§ **ASSIGNMENT**:
Omit each picture as you copy the entries exactly.

(Records drawn from a dataset)
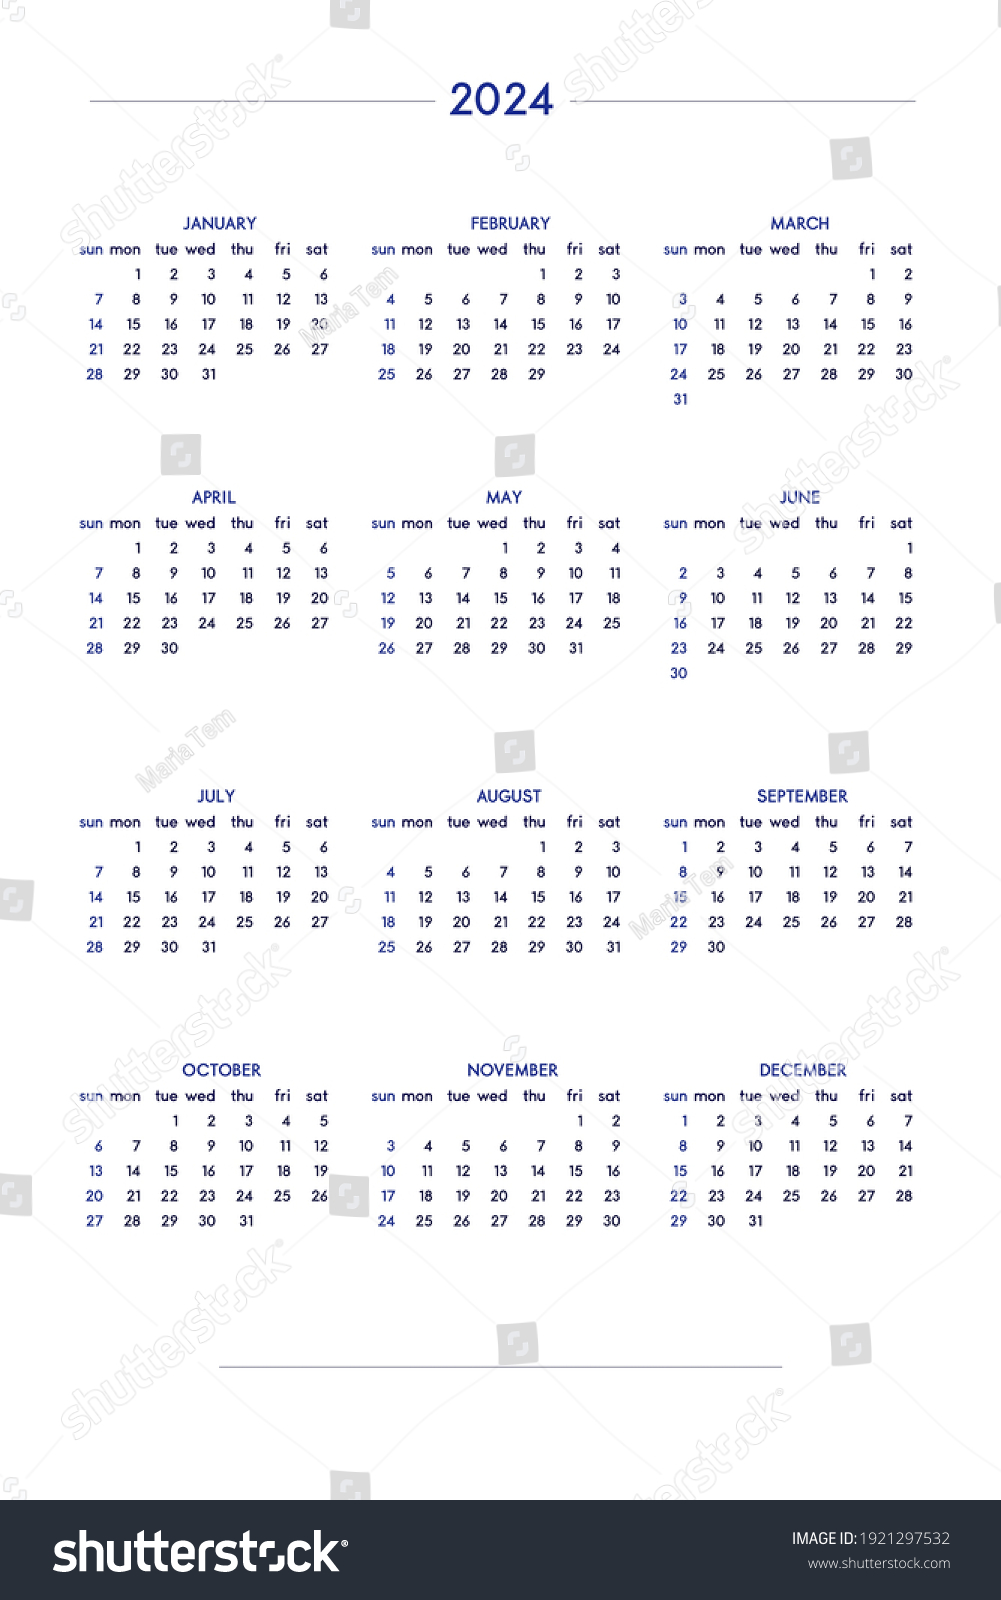 2024-calendar-set-classic-strict-style-stock-vector-royalty-free
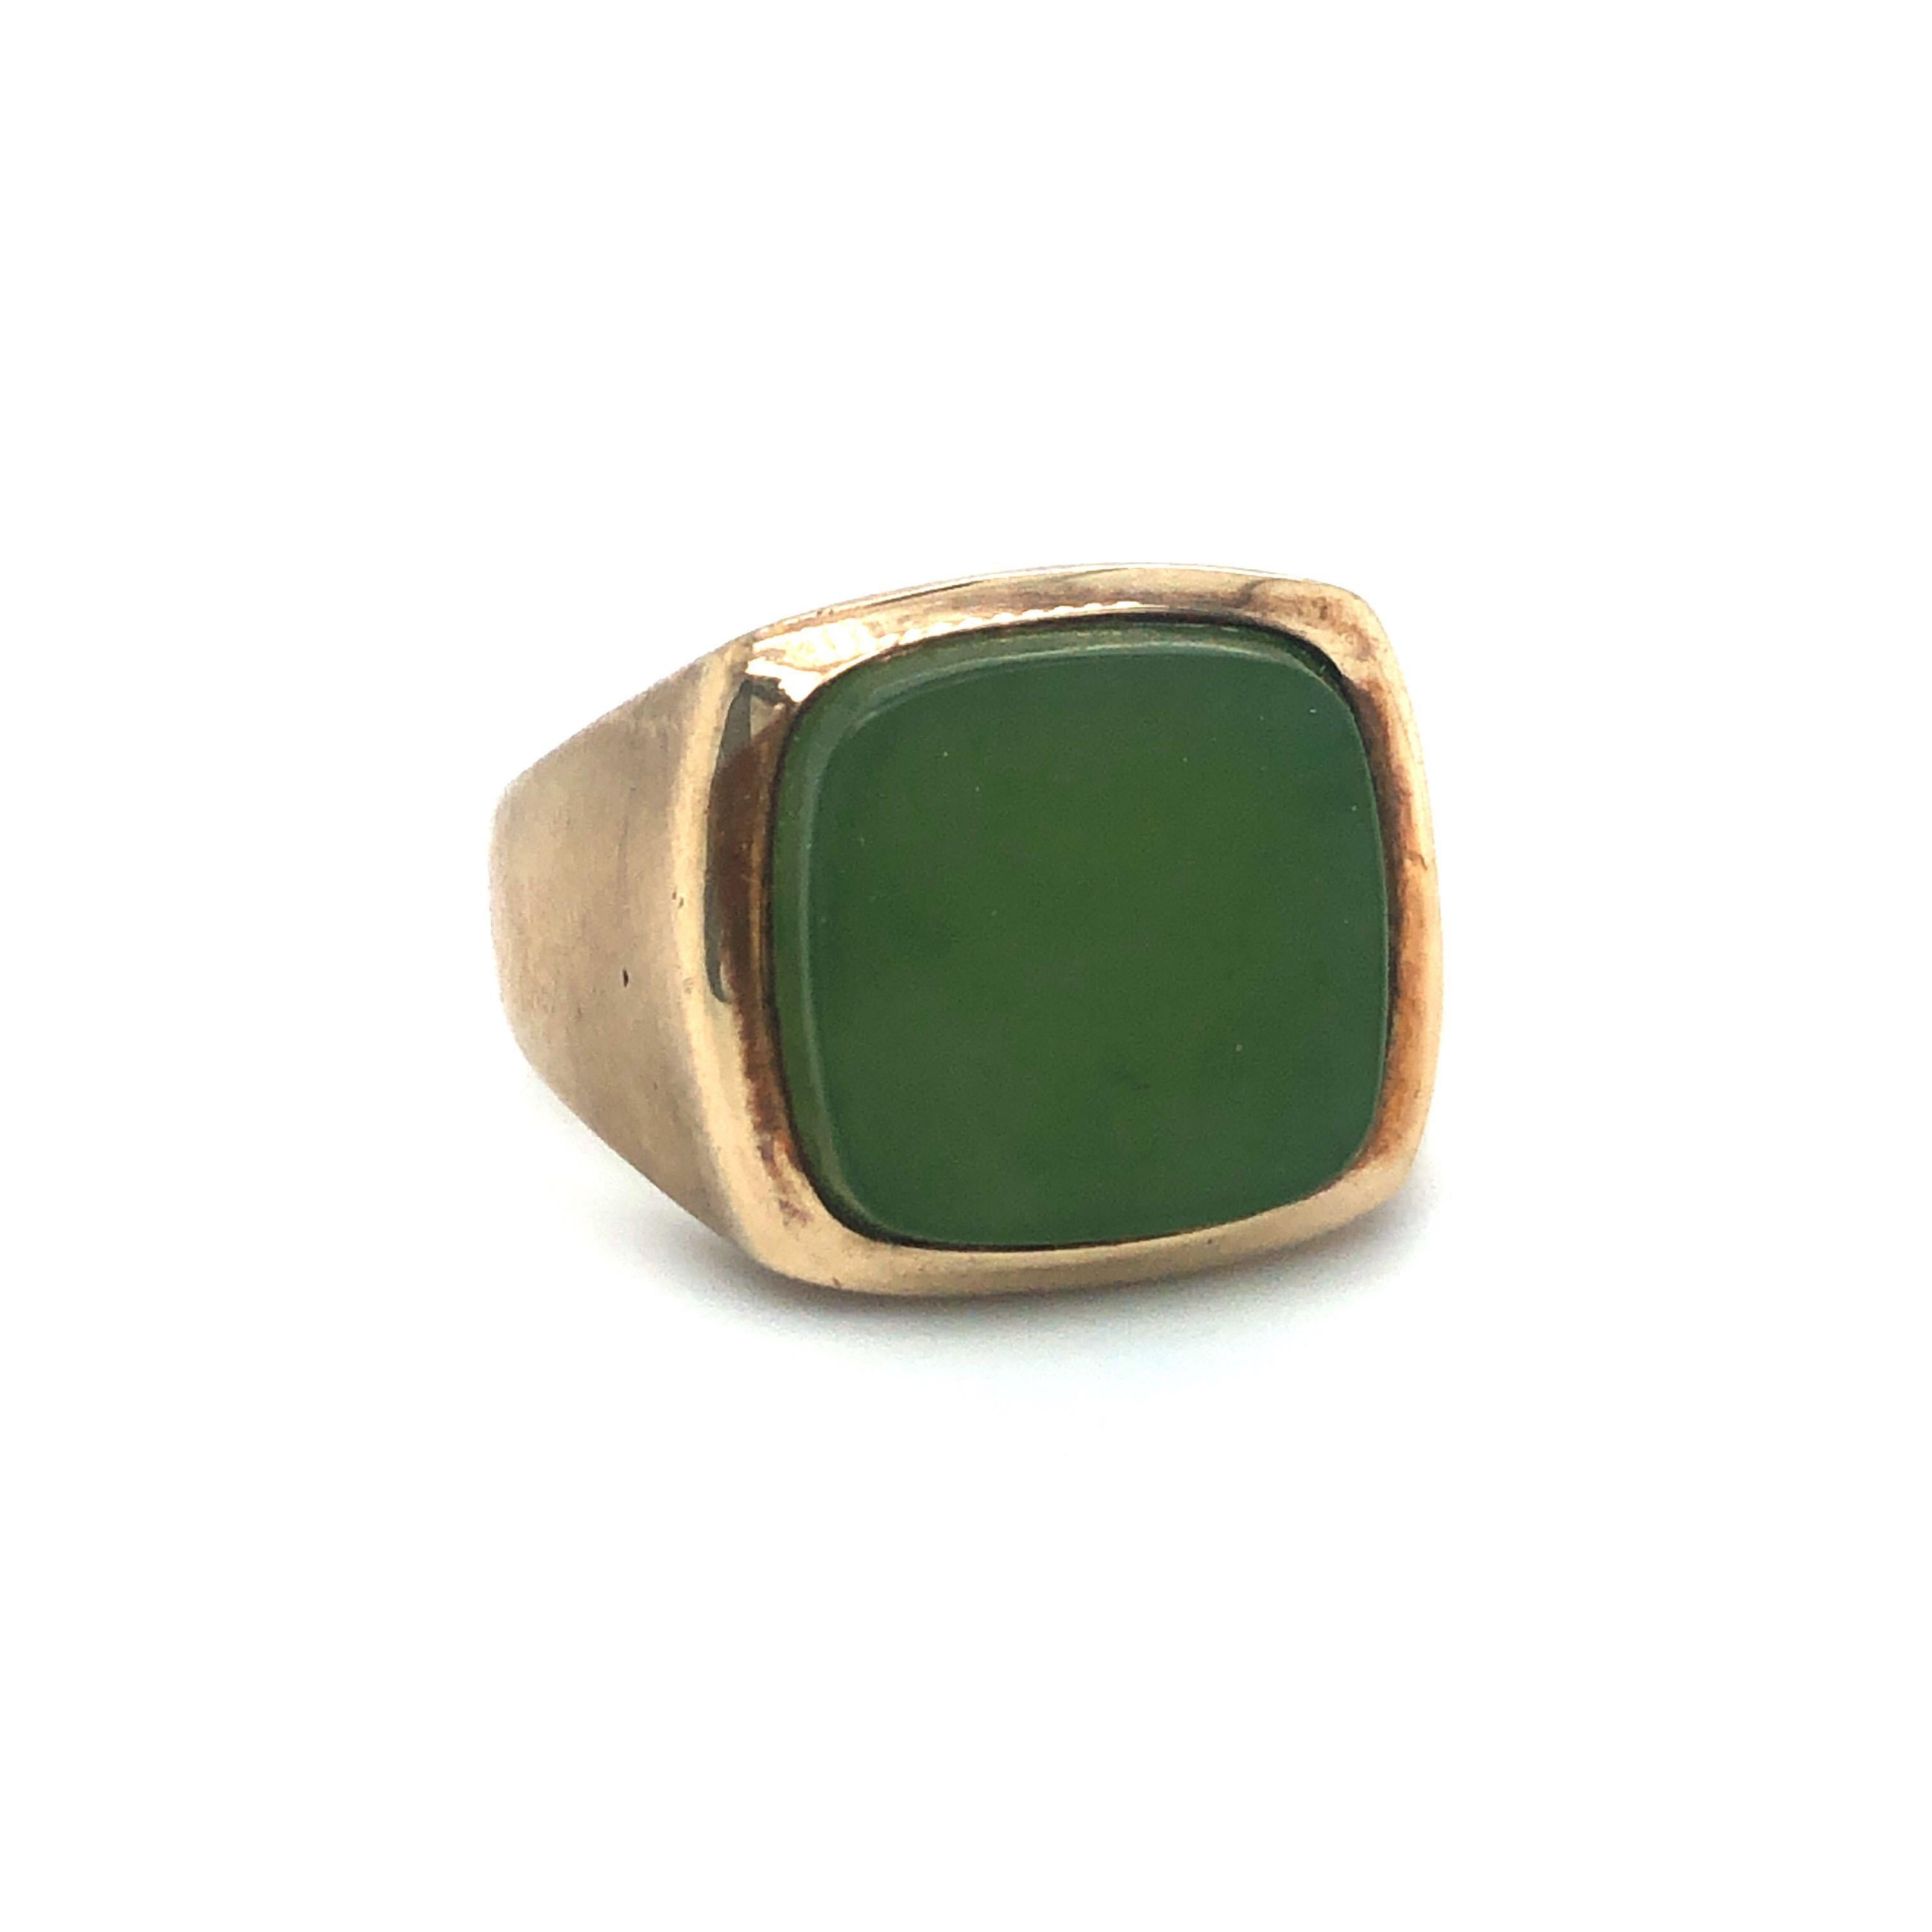 10k Yellow Gold Vintage Nephrite Jade Signet Ring Size 10.5

Condition:  Excellent Condition, Professionally Cleaned and Polished
Metal:  10k Gold (Marked, and Professionally Tested)
Gemstone:  13mm x 13mm Tablet Cut Nephrite Jade Stone
Size:

§ **EXERCISE OUTPUT**:
 2024-calendar-set-classic-strict-style-stock-vector-royalty-free
 10k Yellow Gold Vintage Nephrite Jade Signet Ring Size 10.5

Condition:  Excellent Condition, Professionally Cleaned and Polished
Metal:  10k Gold (Marked, and Professionally Tested)
Gemstone:  13mm x 13mm Tablet Cut Nephrite Jade Stone
Size:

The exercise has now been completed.